1. Billing data needs enforcement, and Postgres provides it

Given the constraints of money-related data, I preferred relational enforcement such as primary key, unique constraints, foreign keys, and precise NUMERIC types for accounting. Moreover, relational databases are built around ACID transactions, which means ingested data must pass all integrity checks before being committed. Writes are applied atomically, meaning either everything is committed or nothing at all, protecting the system from partial or inconsistent writes in case of failures (power outages, for example).

This proved especially useful in our case, since we collected data from many different devices, which were not always reliable. Duplicates, missing fields, and data gaps were common.
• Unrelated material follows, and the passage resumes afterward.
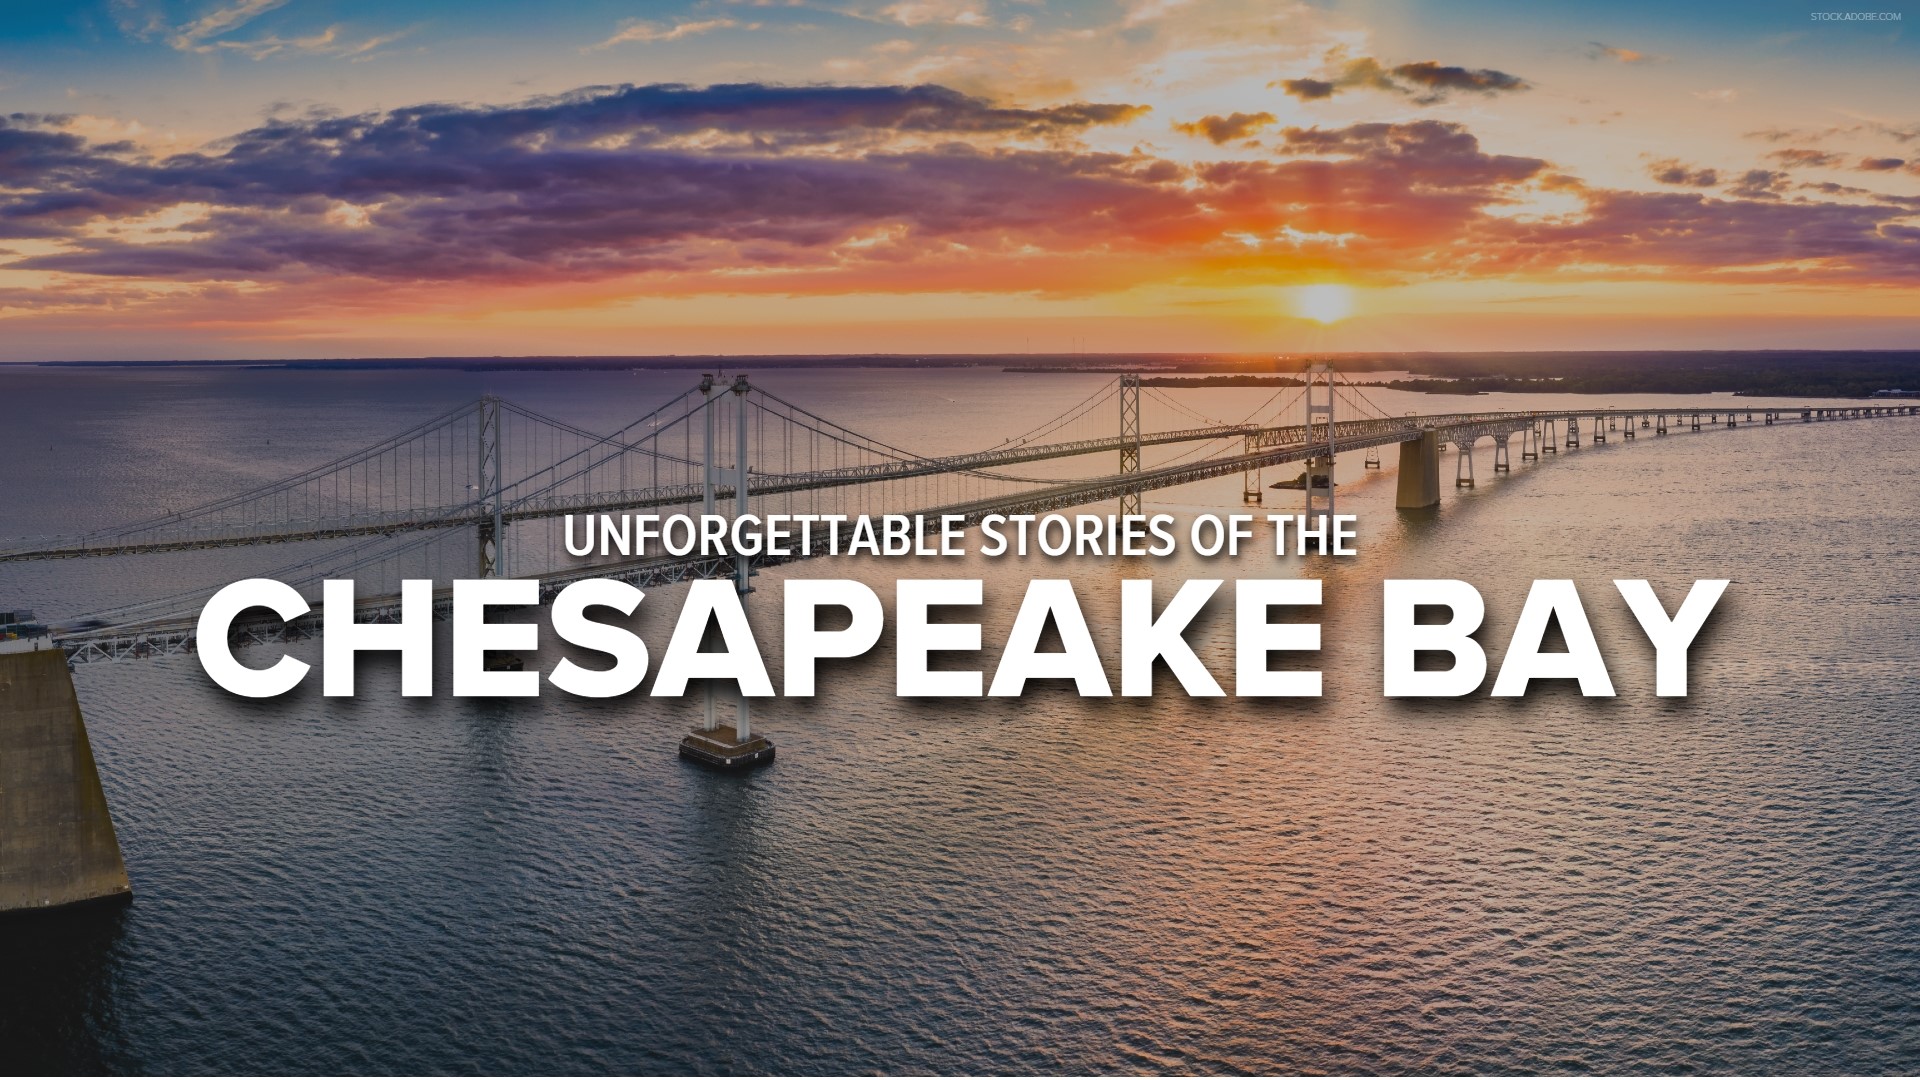 Travel to the Chesapeake Bay, and all the way up the Susquehanna River to where its waters start in Upstate New York in this Capital Emmy Award-Winning special.

With ACID guarantees in place, I, along with non-technical stakeholders, could be rest assured that invalid or partial writes would be rejected outright. For data to be billing and accounting-grade, integrity mattered far more than raw ingestion throughput.

In contrast, many data storage systems that optimize throughput don't provide as much guarantee. Under the hood, they store data in columnar files and defer many integrity checks to later. Relational databases, on the other hand, typically rely on B-tree indexes and enforce constraints eagerly, maintaining strict referential integrity at write time.

2. Postgres actually does support time-series data

Now we have Postgres for storage, but how about compute? IoT data is time-series, and time-series data feels awkward in vanilla relational databases. A common Postgres approach is using date_trunc to group timestamps into buckets. For example, to get hourly energy usage for the last day:

SELECT date_trunc('hour', ts)   AS hour,
       SUM(energy_kwh)          AS hourly_kwh
FROM readings
WHERE ts >= now() - INTERVAL '1 day'
GROUP BY hour
ORDER BY hour;

If you add an index on ts, Postgres will use it to limit the rows scanned to the last day rather than scanning the whole table. For each row matching the WHERE clause, Postgres computes the truncated timestamp from the original (for example, '2025-01-01 12:34:56' -> '2025-01-01 12:00:00') and updates a global aggregation state. That means the aggregation work is essentially linear in the number of rows processed, so monthly or yearly aggregation can become time-consuming with more per-row handling and expensive due to global aggregation overhead.

Fortunately, Postgres has an extension for time-series data: TimescaleDB. TimescaleDB gives you hypertables, which behave just like regular Postgres tables, but under the hood, Timescale splits the data into many smaller chunks by time.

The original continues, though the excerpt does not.